Veterans: Moving Forward

Veteran and Discussion Leader Stephanie Morgan (USM) talks about the importance of reflecting on her return to civilian life after military service.

By Sean Hutzell

After a successful second round of the Touchstones Completing the Odyssey program with veterans, Touchstones looks forward to future work with the veteran community. In support of those new endeavors and expansion of our existing program, Touchstones held a well-received “Happy Hour” to raise funds for several projects. One is to refine the Leader’s Guide and Participant Workbook and to create print-on-demand editions to ensure interested veterans groups have ready access to the program.

Like all Touchstones works, the Guide and Workbook are designed to provide instructional materials, texts for discussion, and evaluation tools for the discussion leader while offering the participants access to the texts and related worksheets that tie personal experience to the themes of service, war, and homecoming found in the Odyssey and the contemporary selections with which those texts are paired.

The second project seeks revenue to support implementation of the Completing the Odyssey: A Journey Home program at the Maryland Center for Veterans Education and Training (www.MCVET.org) in Baltimore. One of the trained discussion group leaders, Joe Smith, a Vietnam veteran, has been instrumental in exploring a partnership between Touchstones and MCVET. Based on his own experience becoming a trained Touchstones discussion leader and running two segments of the program, Joe strongly believes the program offers veterans valuable interpersonal and critical thinking skills.

Those skills complement the education and workforce readiness training taking place at MCVET, whose mission is to provide homeless veterans with the tools and capacity they need “to rejoin their communities as productive citizens.” With more veterans participating in the Touchstones program this spring and a growing interest in combined veteran-civilian groups, Touchstones anticipates that Completing the Odyssey will engage many new groups in the months and years ahead.
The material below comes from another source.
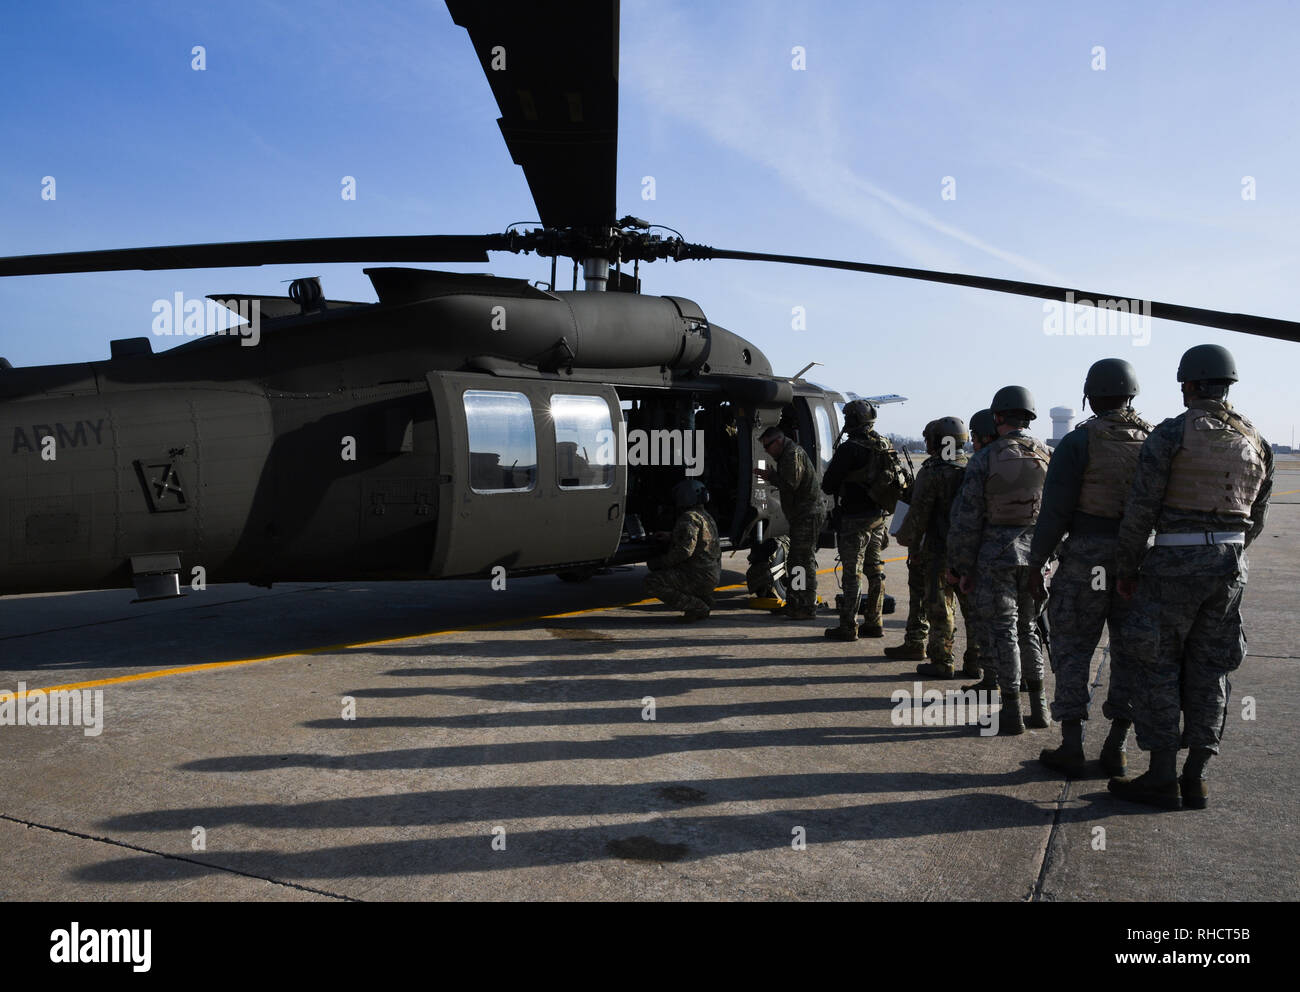 Long shadows are cast upon the flight line as members of the 137th Special Operations Wing, Oklahoma Air National Guard, line-up to board an Oklahoma Army National Guard UH-60M Blackhawk at Tinker Air Force Base, Oklahoma during SENTRY REX 19-01 exercise on Jan. 15, 2019. The training exercise allowed the special operators to be inserted in a defended landing-zone with the goal of rescuing a downed aircrew member. (U.S. Air Force photo/Greg L. Davis) Stock Photo

Continuing the Journey: Veterans Share Their Stories

Veteran Tyler Mazur looks at a collection of President Jefferson’s books on a private tour hosted by the Veterans’ History Project Director.

By Sean Hutzell

In mid-January, the Library of Congress’s Veterans History Project (VHP) Director, Karen Lloyd, took some of us from the Touchstones- National Endowment for the Humanities veterans pilot program on a private tour. We were treated to visits in rooms not typically open to the public. Our group submitted five projects to the VHP: a diary, an oral interview, two collections of photographs, and a memoir. These individual stories reflect the journeys of three service members from the army and two from the navy and they record more than a century of conflicts—from World War I to current conflicts in Iraq and Afghanistan.

We’re grateful to each who made the extra effort—a significant one—of time, focus, and a willingness to reflect back on and chronicle elements of their unique journeys. The veterans and staff entered their work into the Veterans History Project in an intimate and moving ceremony. We each then received reading cards for the Library, ensuring a continuing relationship with one of the world’s greatest libraries.

Touchstones is now moving forward with our second program group under our grant from the NEH. On February 7, 15 veterans launched round two of Completing the Odyssey: A Journey Home. Based on feedback from the first program group, we added two meetings: an initial Touchstones orientation and a final session to identify next steps to make the program available to more veterans around the country. As part of that outreach, our three Touchstones veterans leaders and program staff will present our work to the Veterans Administration in Orlando, Florida this week.